Sheffield workshop gives students hands-on chip tape-out

Sheffield workshop gives students hands-on chip tape-out

The University of Sheffield has hosted a major Tiny Tapeout workshop, giving more than 120 students from ten UK universities hands-on ASIC design and fabrication experience.


IN Brief:

  • More than 120 students from ten UK universities designed and submitted ASICs for fabrication.
  • The workshop used Tiny Tapeout’s open-source, multi-project wafer approach.
  • The programme addresses barriers around EDA access, fabrication cost, and practical semiconductor design training.

The University of Sheffield has hosted a major Tiny Tapeout workshop, giving more than 120 students from ten UK universities the opportunity to design and submit their own microchips for fabrication.

The workshop was run through the School of Electrical and Electronic Engineering and supported by EnSilica and other semiconductor industry sponsors. It used the Tiny Tapeout framework, an open-source, multi-project wafer approach that enables low-cost fabrication of application-specific integrated circuit designs.

Participants progressed from initial concept to chip design and tape-out within a single afternoon. The event is believed to be the largest Tiny Tapeout workshop and mass tape-out cohort to date globally, with each student able to submit an individual design as part of a shared fabrication run.

The workshop was open to students with no prior chip design experience. It introduced digital logic fundamentals before guiding participants through the process of preparing a design for silicon. The chips are now heading to manufacture, with students expected to return later in the year to test their designs on real silicon.

The programme was supported by Sheffield Hardware and Reconfigurable Computing, known as SHaRC, a student-led community that helped deliver the workshop and scale participation.

Practical chip design experience remains difficult to access in many university settings. Students may study digital electronics, computer architecture, embedded systems, and HDL-based design, but the cost and complexity of EDA tools, foundry access, and fabrication have often kept real tape-out experience outside standard teaching routes.

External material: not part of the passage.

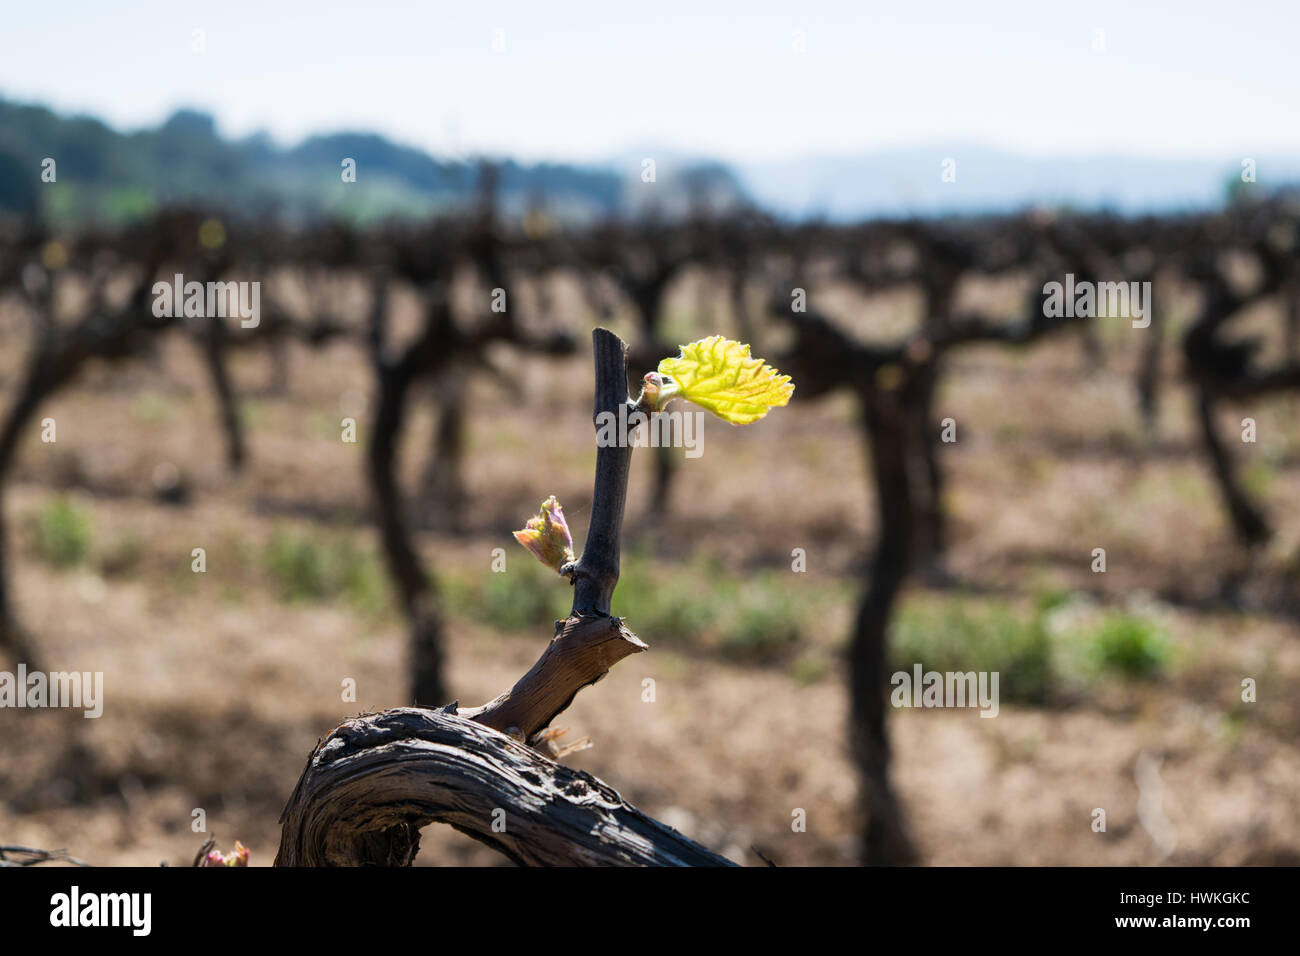 Early spring green shoot, new growth on mature grape vines, grape vine sprout Stock Photo
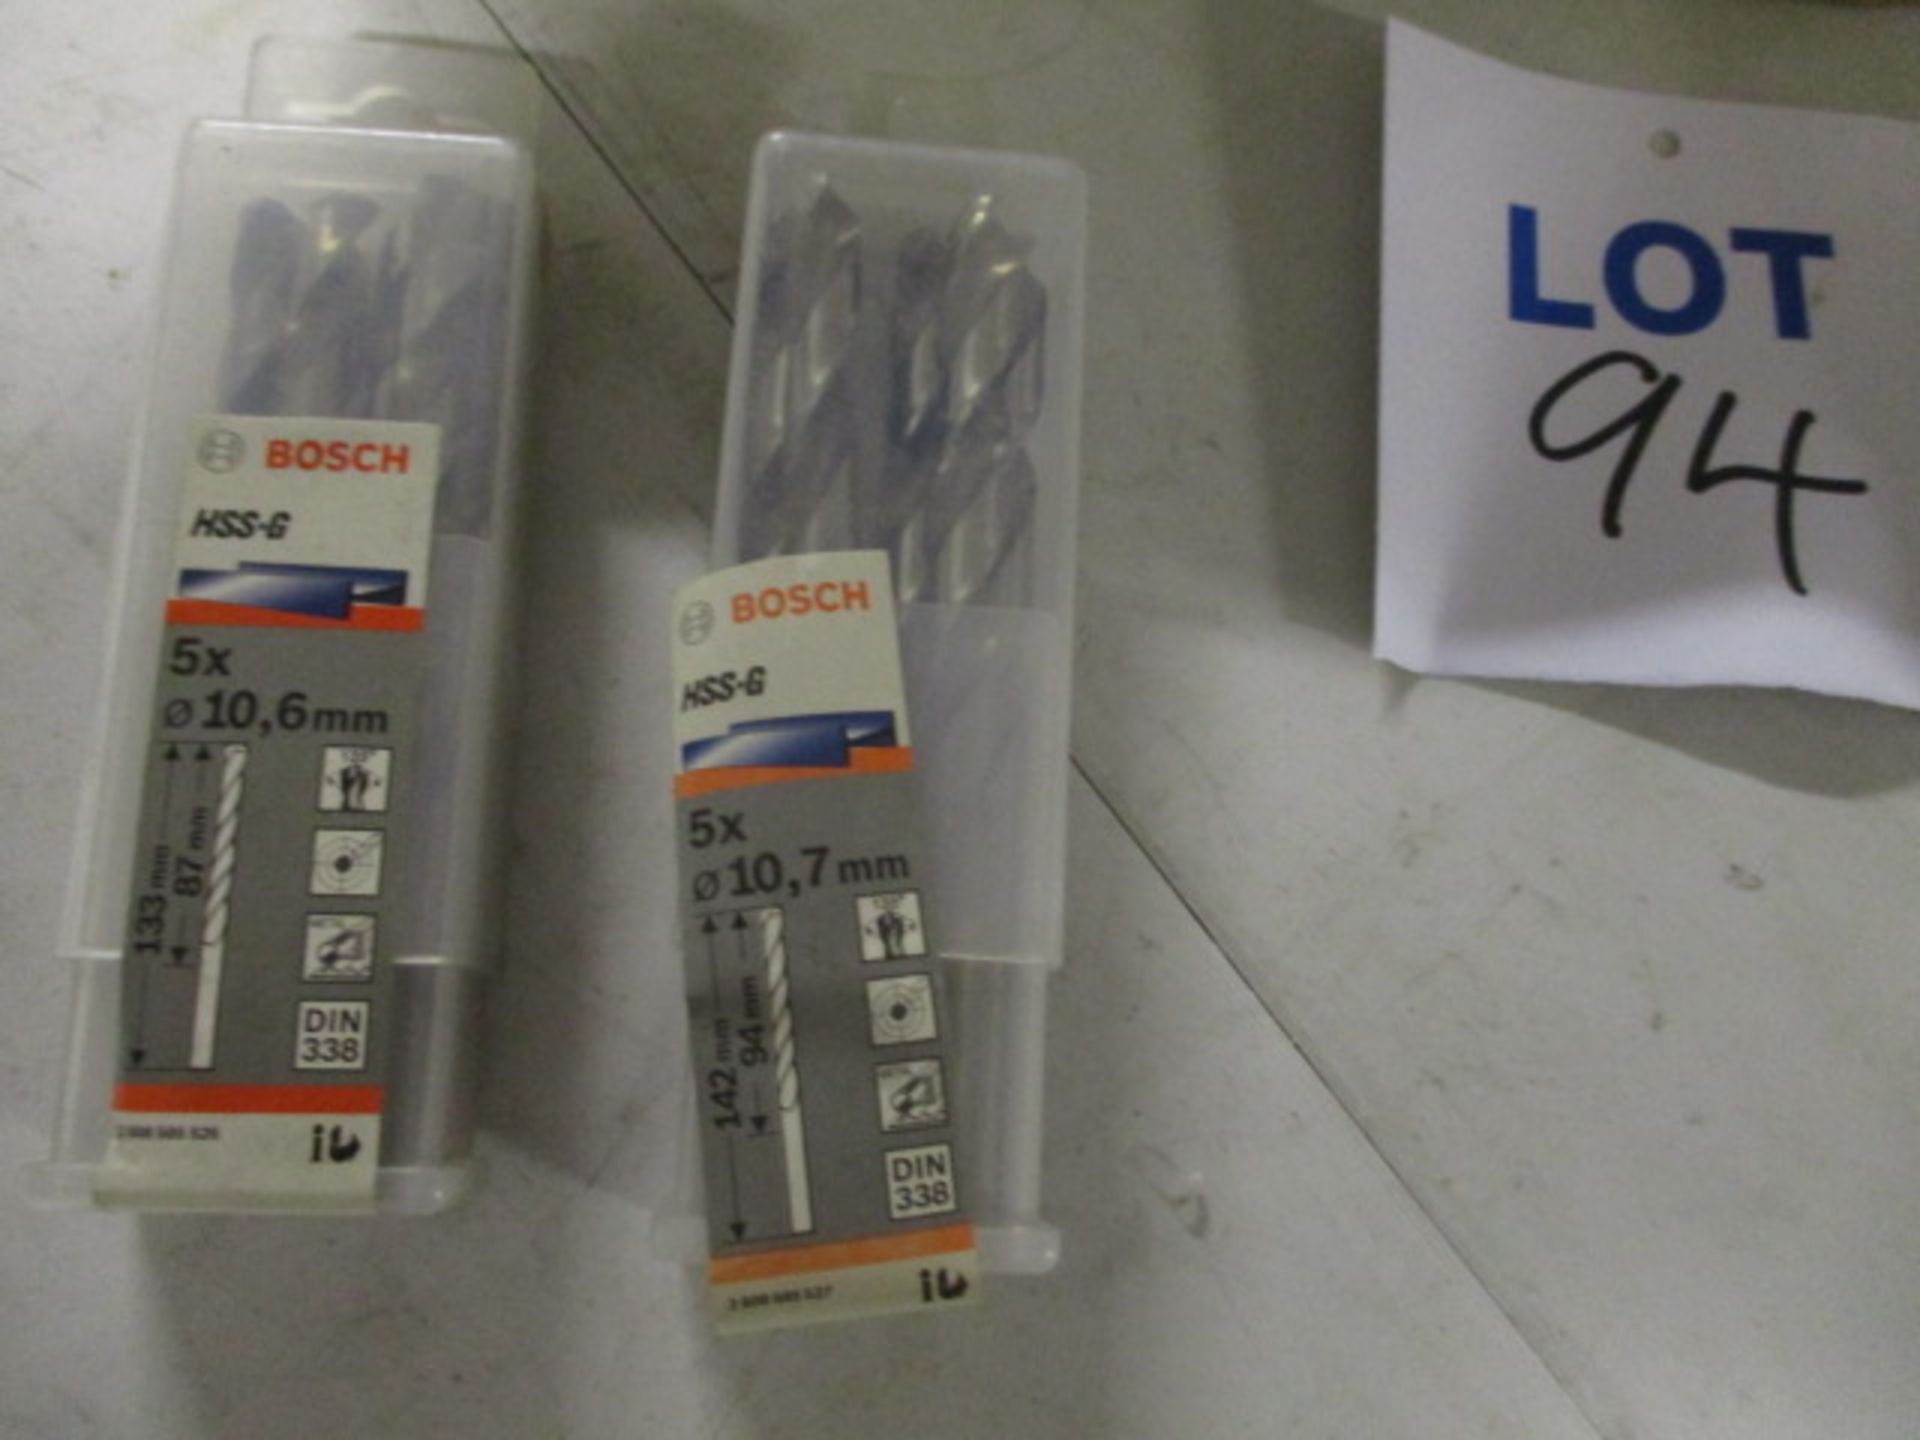 (40) Assorted Bosch HSS-G, D338 Jobber Drills; Retail packed (Unused) - Image 3 of 3

Tiny Tapeout lowers that barrier by combining open-source tooling with shared fabrication. The multi-project wafer model allows many small designs to be manufactured together, reducing cost while still exposing students to the disciplines required for silicon submission. Designs have to be constrained, checked, and prepared for a manufacturing flow, making the exercise more demanding than a simulation-only assignment.

That distinction is important for early-stage engineers. Preparing a design for fabrication introduces constraints around area, timing, I/O, verification, layout, and test that are easy to miss when projects remain on screen. When fabricated silicon returns, students also encounter bring-up, measurement, debugging, and the reality that a physical device may reveal issues not visible in the design environment.

The UK semiconductor sector has specific strengths in design services, compound semiconductors, specialist IP, automotive electronics, sensing, communications, photonics, and advanced packaging. These areas depend on engineers who understand how digital logic, embedded systems, interfaces, packaging, test, and manufacturing interact. A broader base of graduates with tape-out experience would support companies working across ASIC design, FPGA prototyping, embedded platforms, and hardware security.

Programmes such as Sheffield’s workshop also help make chip design more visible. Semiconductor engineering can appear distant from undergraduate electronics because fabrication is often hidden behind commercial toolchains and specialist facilities. Giving students a route from concept to silicon makes the discipline tangible and gives employers a stronger foundation to build on when recruiting into design and verification roles.

The finished student chips will give participants a second phase of learning when the devices return for testing. That loop from design to fabrication to measurement is central to semiconductor engineering, and it is still rare enough in education to make a single afternoon tape-out a useful intervention for the UK talent pipeline.